Crash, Bang, Fight and Ted E. Bear

This story is the result of a spiritual direction session that occurred this morning, in my journal, between a very patient, wise, kind me, and a very shy, very young part of me. This shy youngster so much wanted a new story but was too shy to explain. Her bear, Ted. E. Bear, was the one who was able to ask for the story and who ultimately actually wrote the story. (It is in a wholly different handwriting in my journal, very blocky looking print, with no editing or corrections.) Ted E. Bear asked for a “crash & bang & fight & hero story.” Here it is. (I cried at the end, as you can imagine.)

Crash, Bang, Fight and Ted E. Bear

Bang is a loud car w/ exhaust like gun. Crash is car in demolition derby. Fight is big Army tank & Ted E. is, well, he’s the owner of all these – he has them in his garage. And Bang also has a funny a-ooh-ga horn – I’m gonna fix the exhaust & just make loud sounds that way now. Crash really likes to crash sometimes. Me too. Like bumper cars! Fight is kinda weird. I think he wants to just go in parades & be with the clowns & horses – yes – the rodeo day parade & he wants to be one of the really fun ones everyone likes – handing out candy & money to everyonenot just a few! whoever wants it can just have it!

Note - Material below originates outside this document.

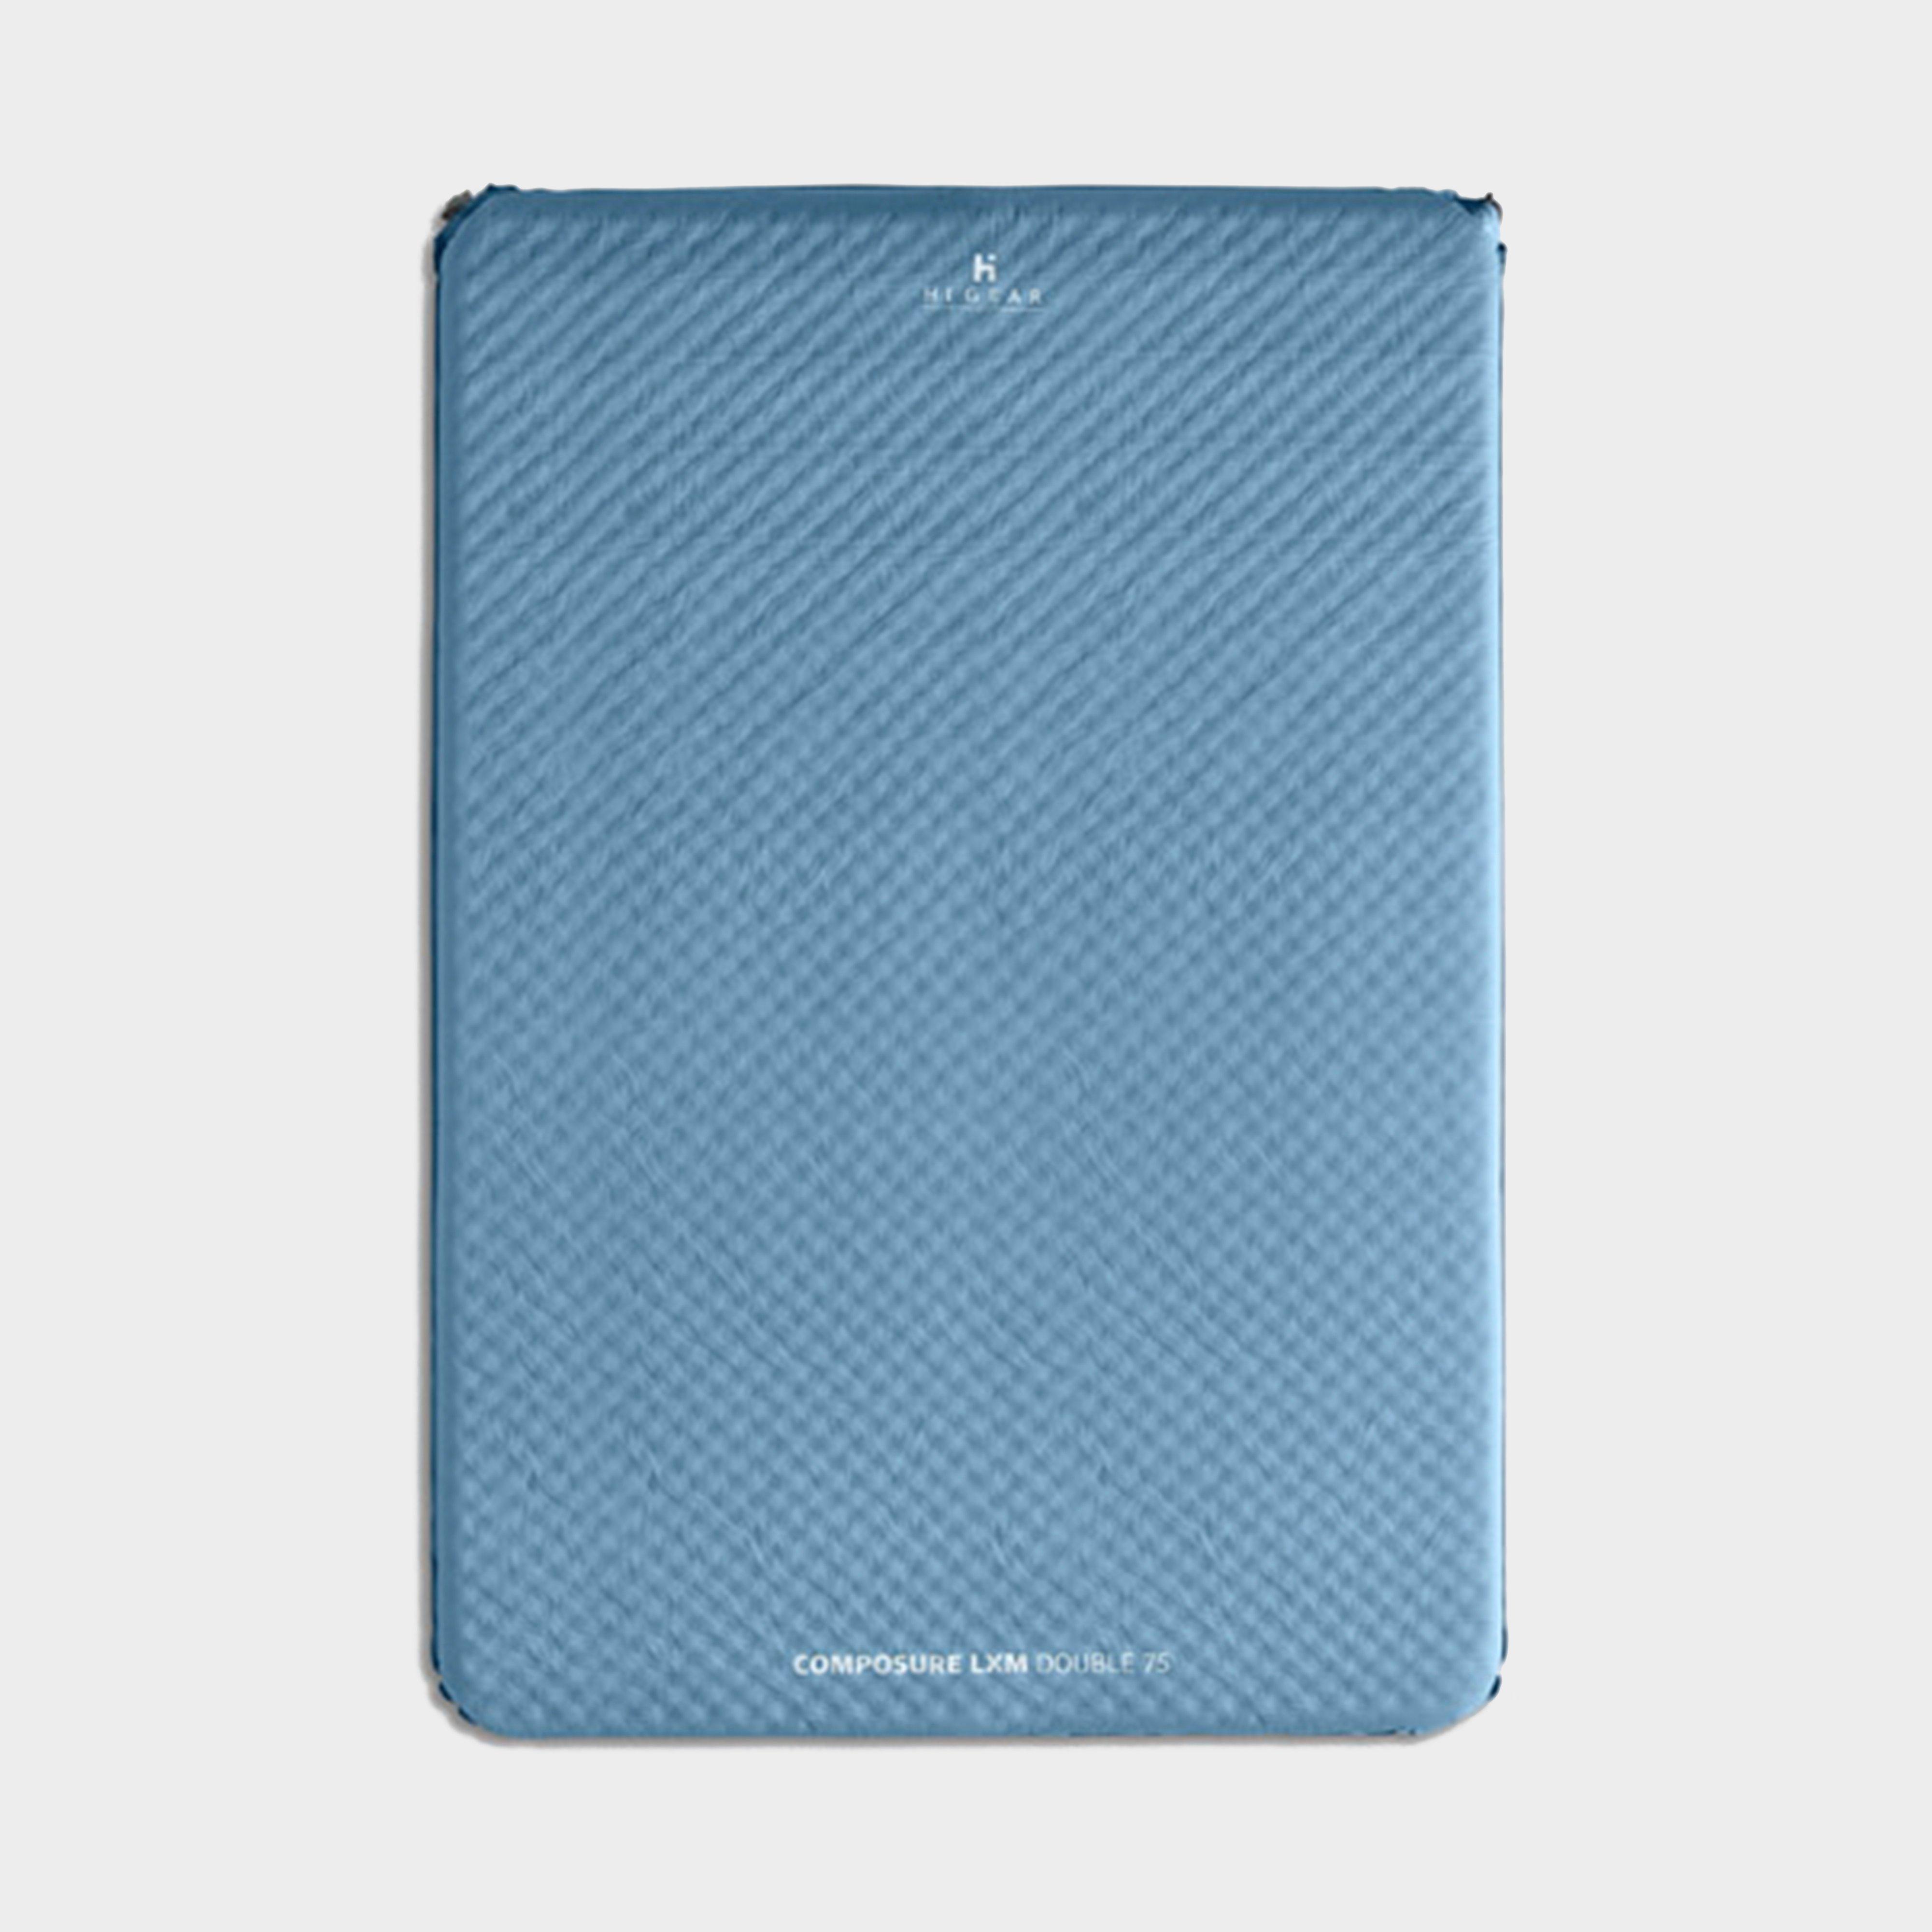  HI-GEAR Composure LXM 7.5 Double Sleeping Mat, Blue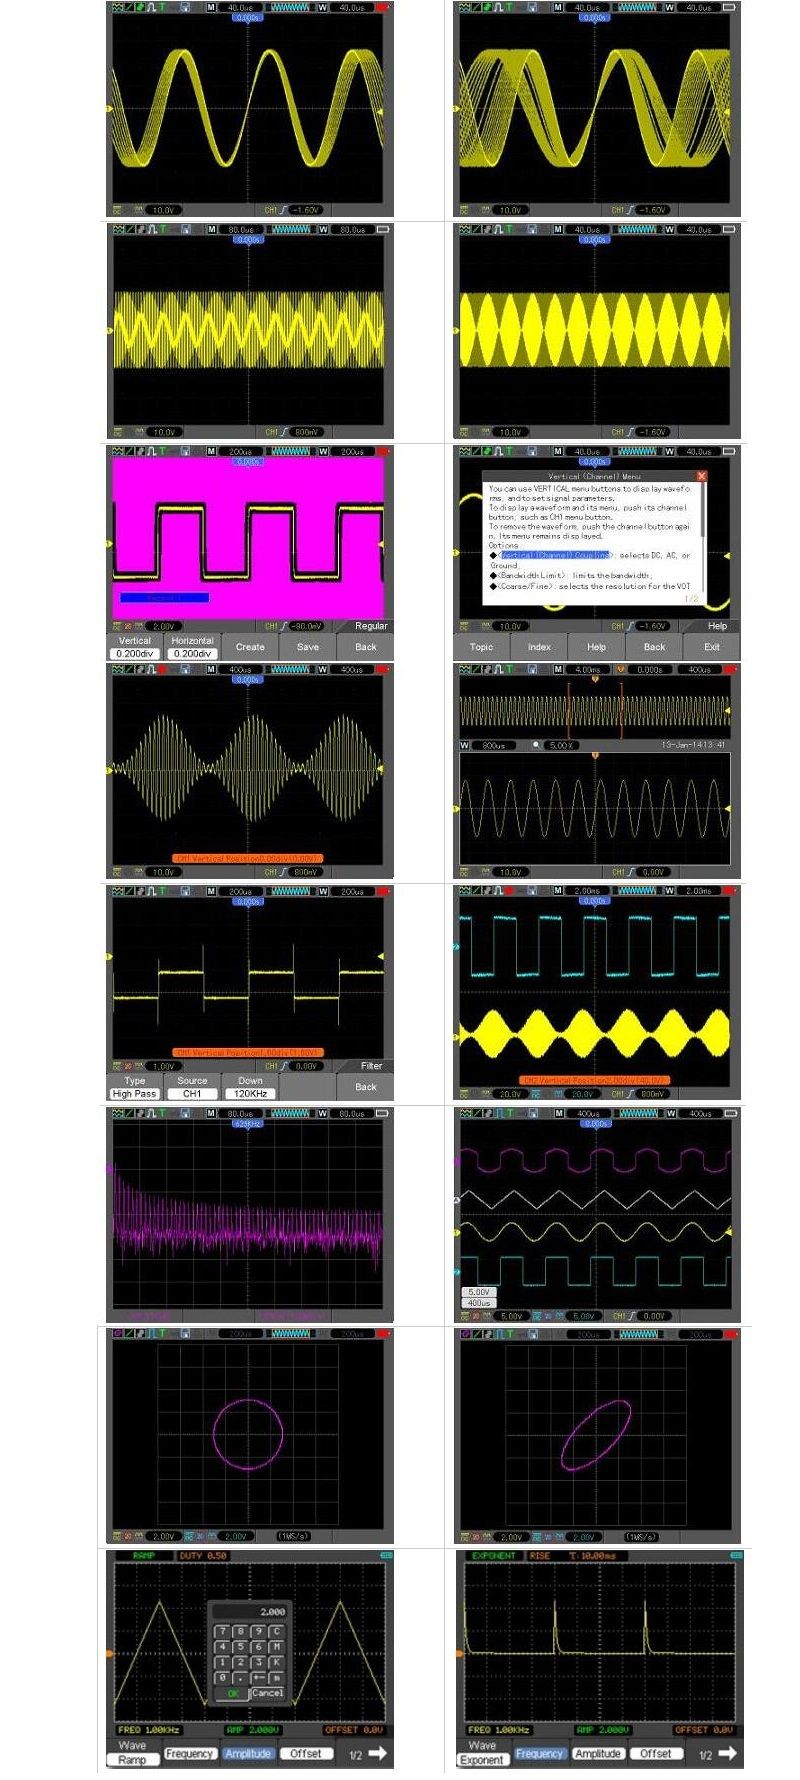 Hantek-DSO8202E-Oscilloscope-1GSas-Sample-Rate-Large-56-inch-TFT-Color-LCD-Display-OscilloscopeRecor-1369923

A few of my “birth day” gifts

Today I journaled in a new, fuller way, based on the seven steps in a book called Writing Down Your Soul.

We were given a new prayer. We used to say: God is the love I am the love God is the love I am the God . . . Now we say: we are the love, we are the love, we are the love, we oui, whee, WOW.

And two songs come to mind. First, “This is my song.”

Why is my heart so light?
Why are the stars so bright?
Why is the sky so blue
Since the hour I met you?

Flowers are smiling bright
Smiling for our delight
Smiling so tenderly
For all the world, you and me

I know why the world is smiling
Smiling so tenderly
It hears the same old story
Through all eternity

Love, this is my song
Here is a song, a serenade to you
The world cannot be wrong
If in this world there is you

[Chorus:]
I care not what the world may say
Without your love there is no day
So, love, this is my song
Here is a song, a serenade to you

[Instrumental]

The second is by Ricky Byars Beckwith, “Blessed Always,” and is sung, with everyone in the congregation holding hands, at the end of each Sunday service at New Thought Center for Spiritual Living.

Blessed always, blessed always,
For the arms of God surround us.
May our joy be so triumphant
That we rest in God and say “Amen.”

Oh, you must be Jody’s mom

More pieces of the puzzle. Thank you.

Today as I was walking I noticed a converted van style RV parked in front of someone’s home, being loaded up. I’ve always imagined having such an RV, so I went over and asked the man walking from the garage if I could look inside. Bill was so welcoming and gracious. He showed me all around, told me about all the features. This is his third one and it’s just right for two people (I also noticed a dog bed, smile). It’s on a Dodge chassis and is called an Xplorer, but the company went out of business a couple of years ago. His last one caught fire when they were filling the propane. State Farm Insurance reimbursed him in full though and then he found this one – a 1999 with only 9000 miles on it. He was packing up to head to Rocky Point with his wife on Wednesday.

It was such a fun “connection”! And I remembered very vaguely something my mom had told me about my making friends with all the neighbors when I was little, so I called her.

Yes, she told me, I loved meeting people. When Susie (my best friend) and I were big enough to be out on our own, apparently I would befriend all the neighbors. When my mom would meet them later, they would say, “Oh, you must be Jody’s mom.”

I told her that somewhere along the line I had become afraid of people, but maybe I was getting that love of meeting people back. She wondered if being a public defender might have contributed. I don’t think so. I think that was more about facing my fears. And more about opening my heart. It certainly broke my heart (open, eventually) to think we treat one another in the ways we treat “criminals.”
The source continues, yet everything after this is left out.